### Available data
§ §
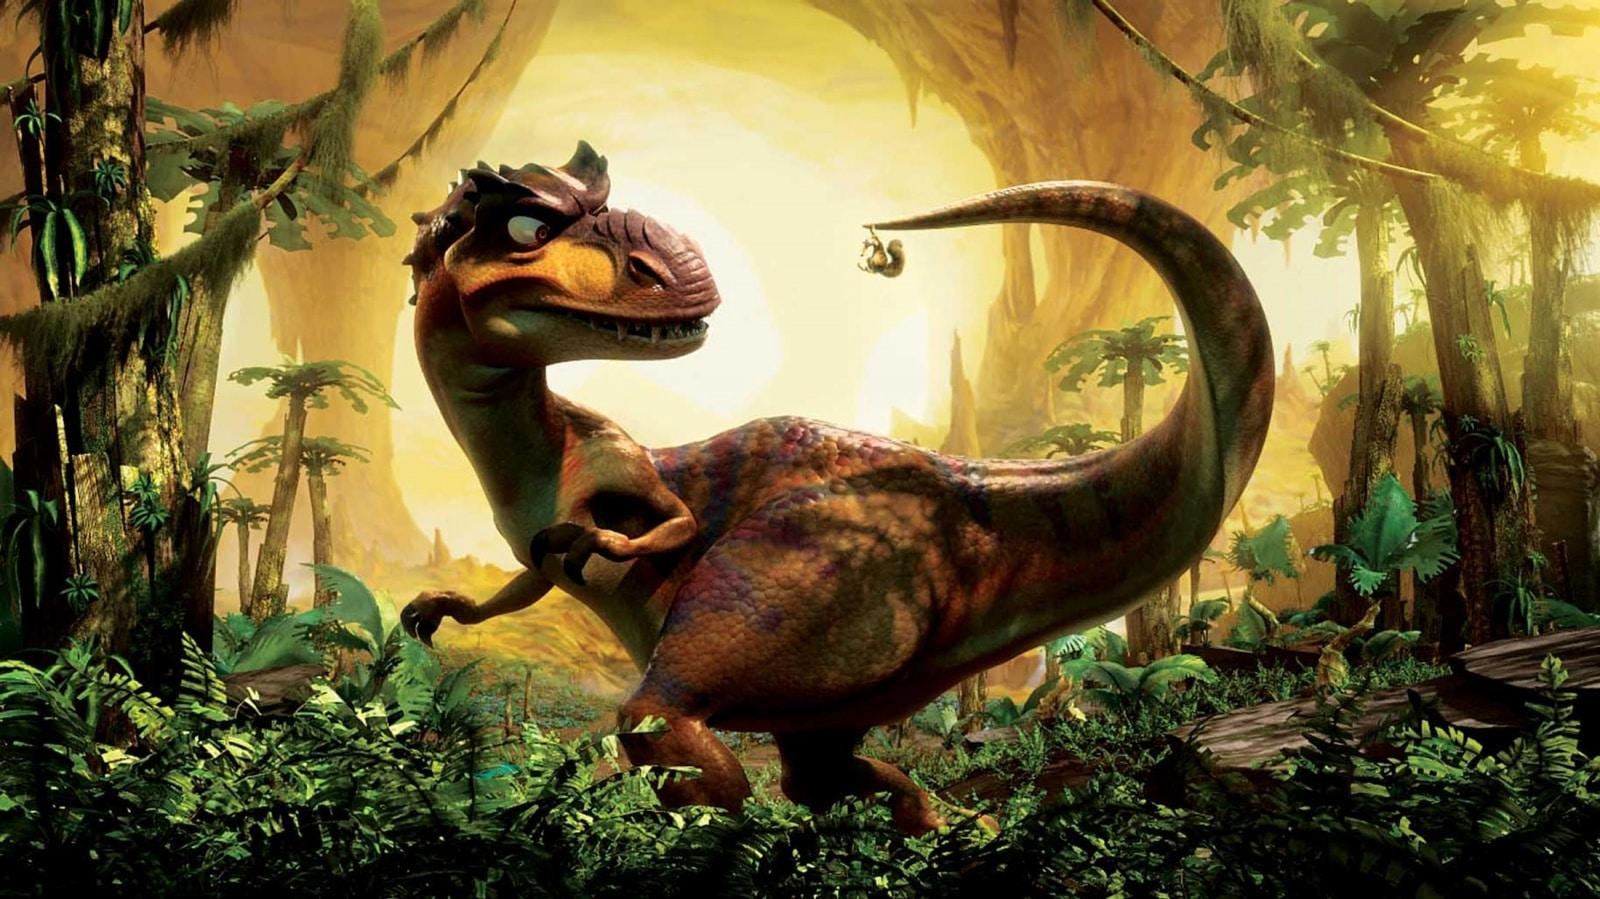 Wallpaper Dino Cute More Dinosaur Wallpaper Dinopit
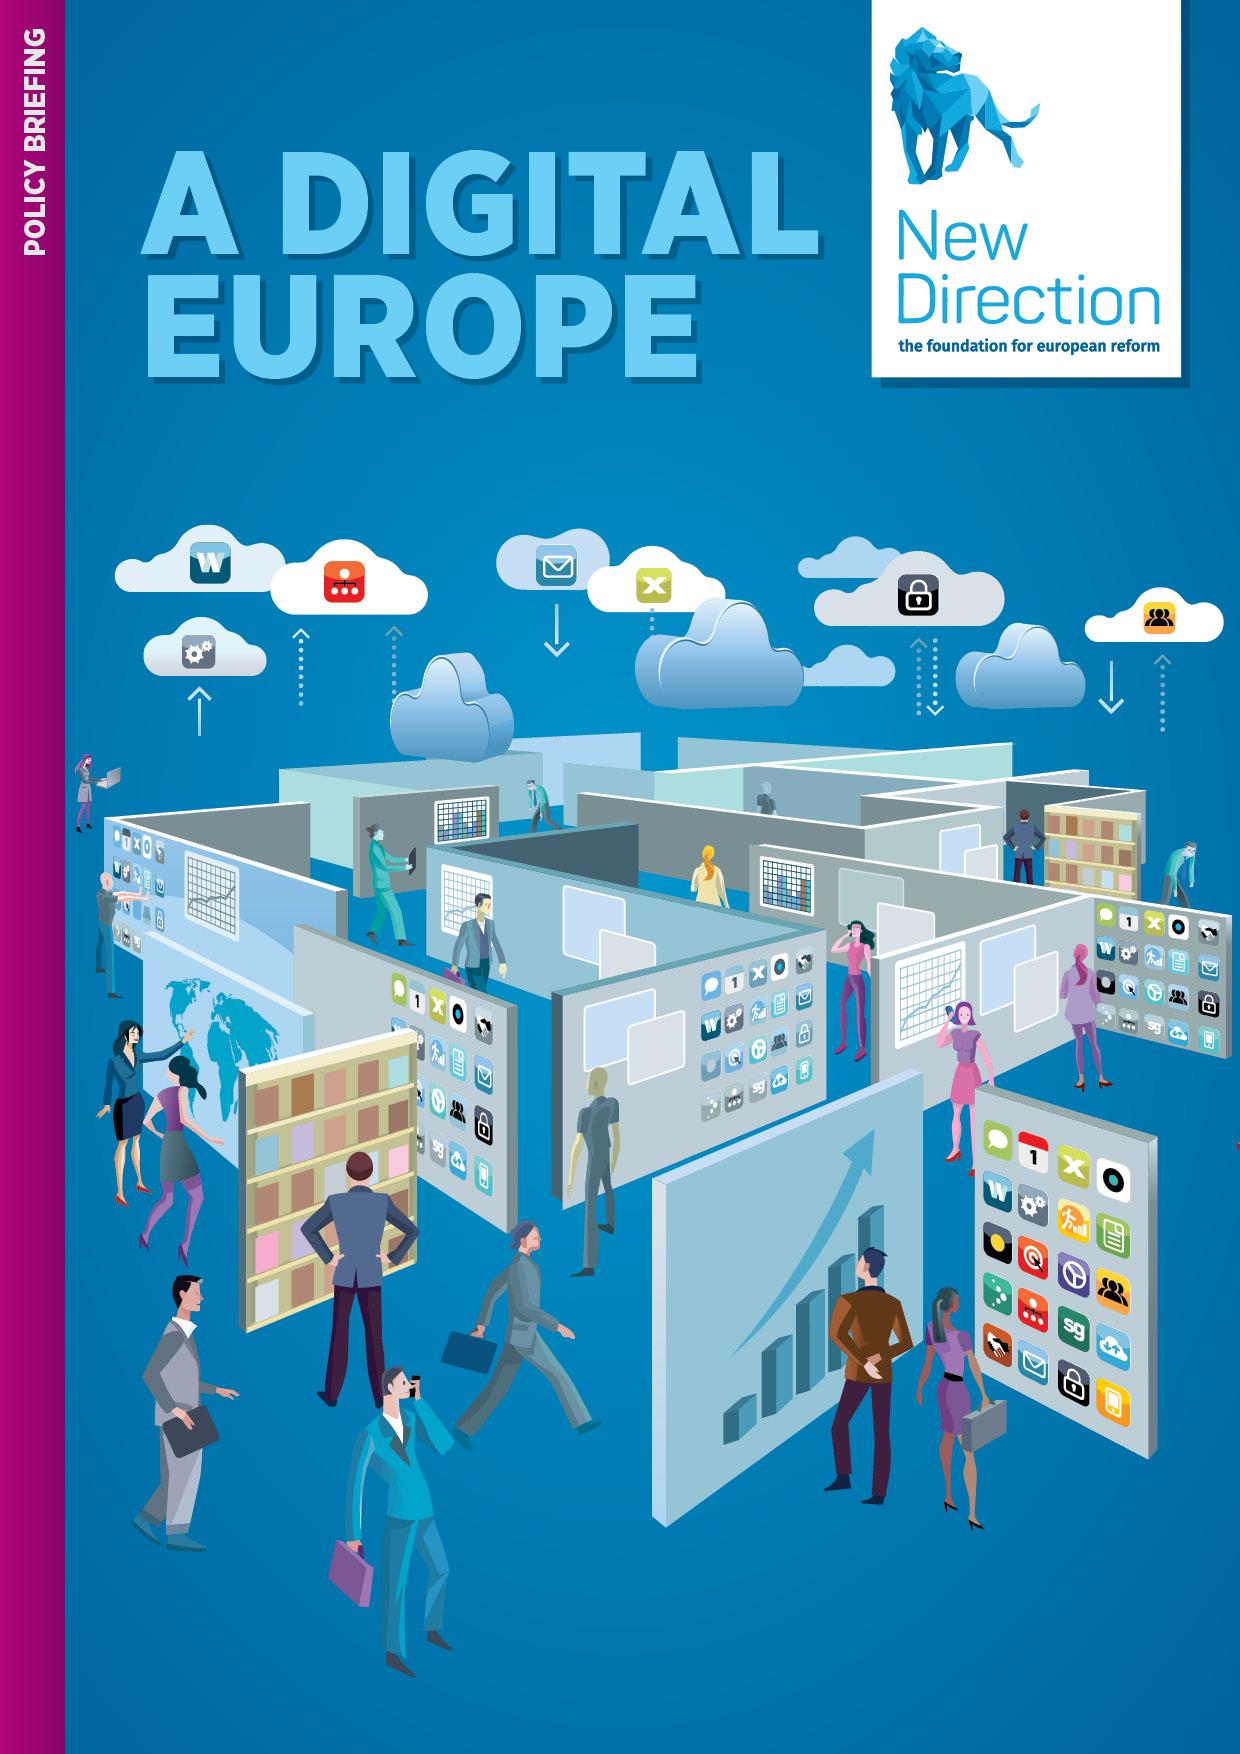 A Digital Europe
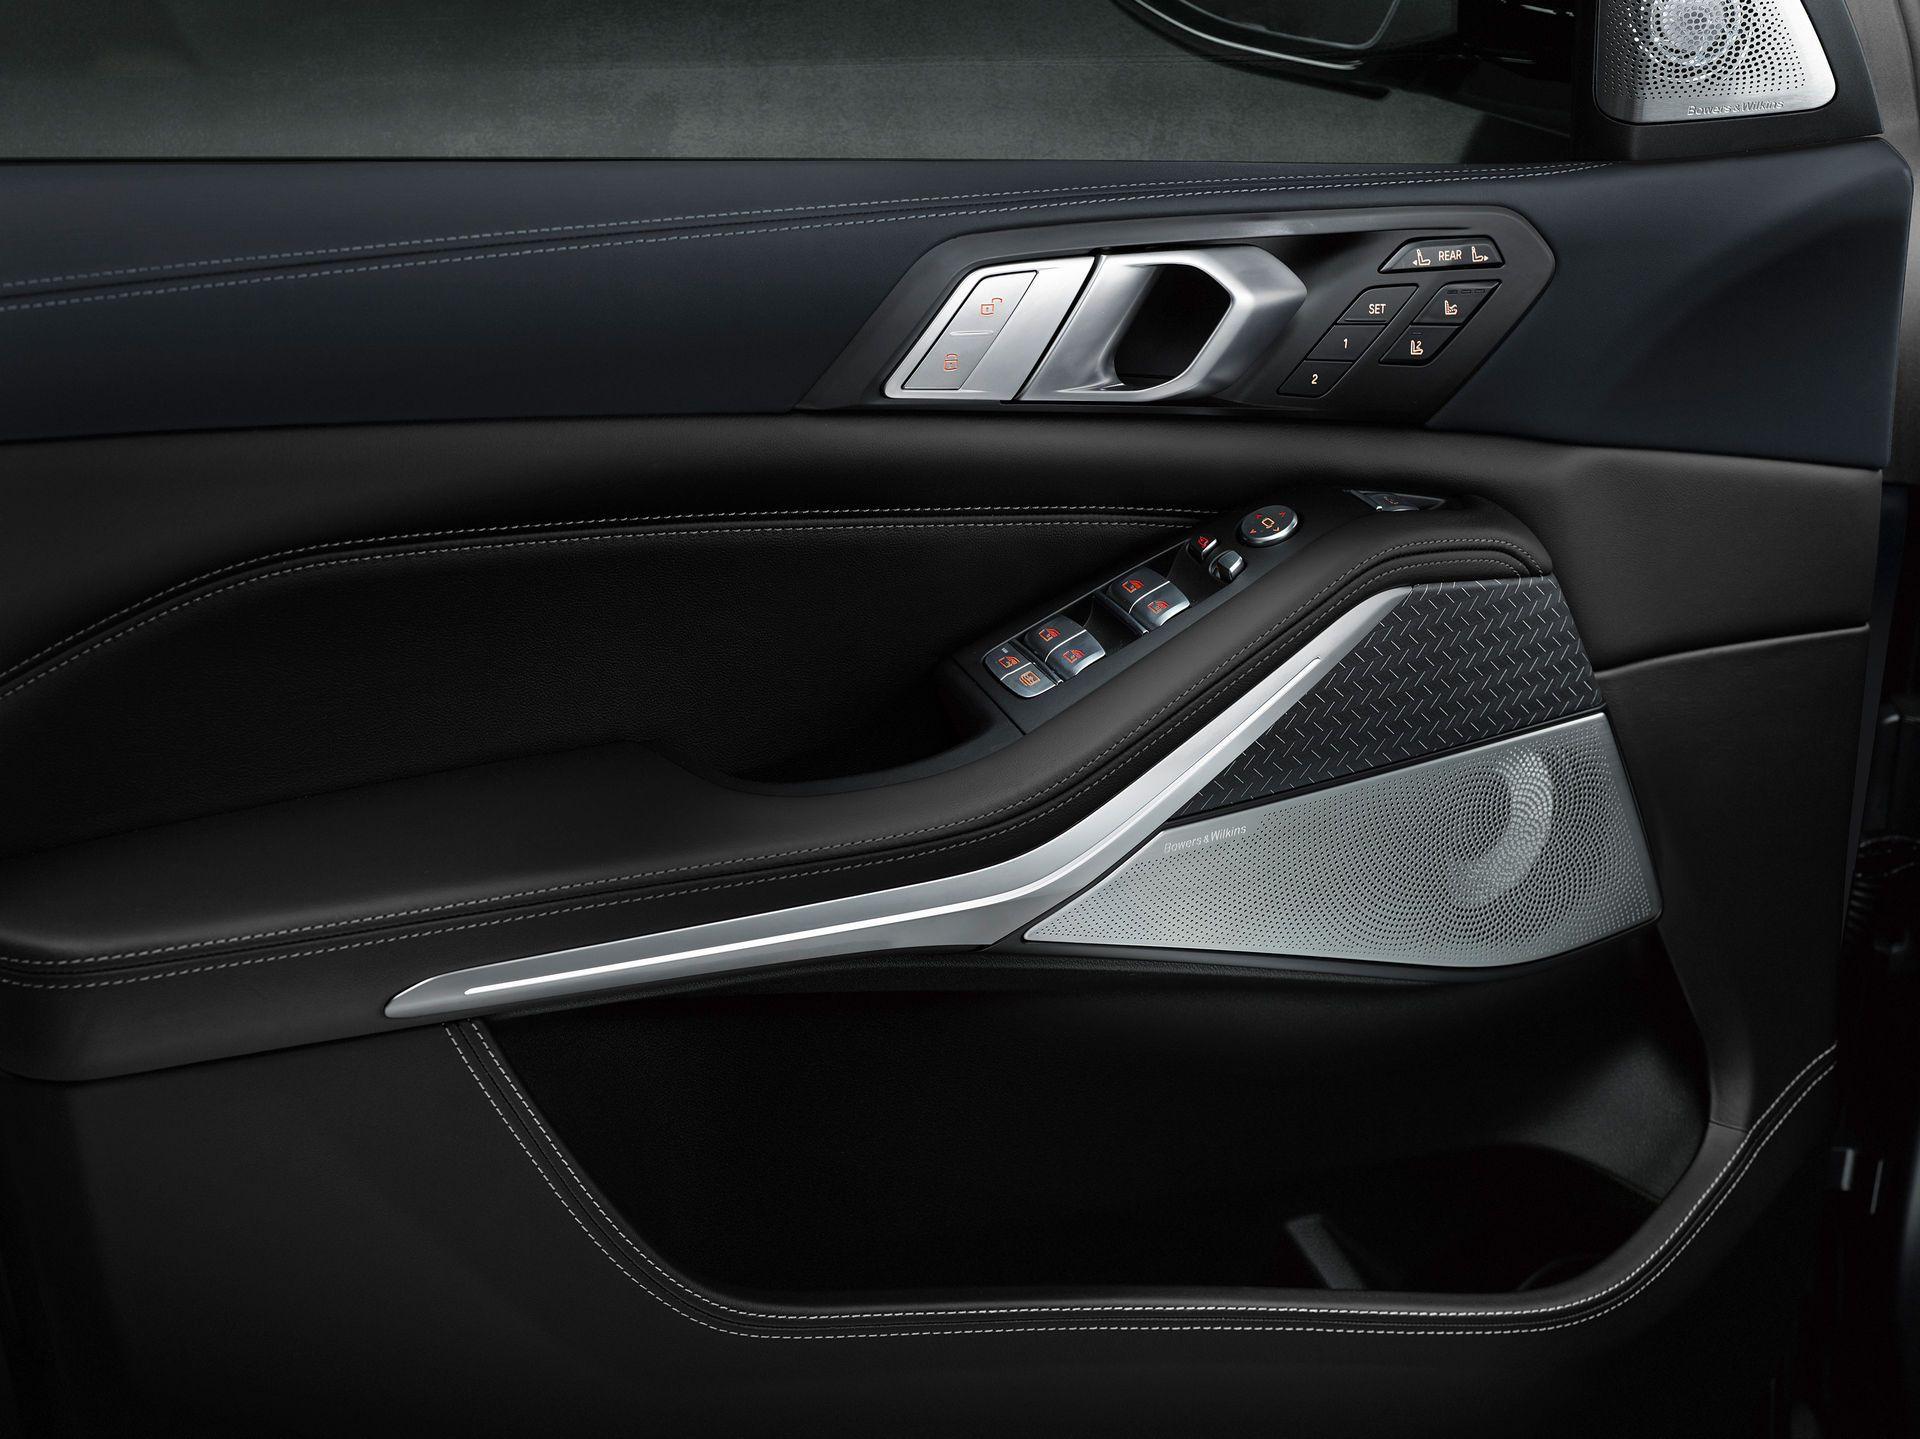 BMW-X7-Dark-Shadow-Edition-18
§ §
Your copy should match the material above exactly, minus its pictures.

### Exercise solution
 Wallpaper Dino Cute More Dinosaur Wallpaper Dinopit
 A Digital Europe
 BMW-X7-Dark-Shadow-Edition-18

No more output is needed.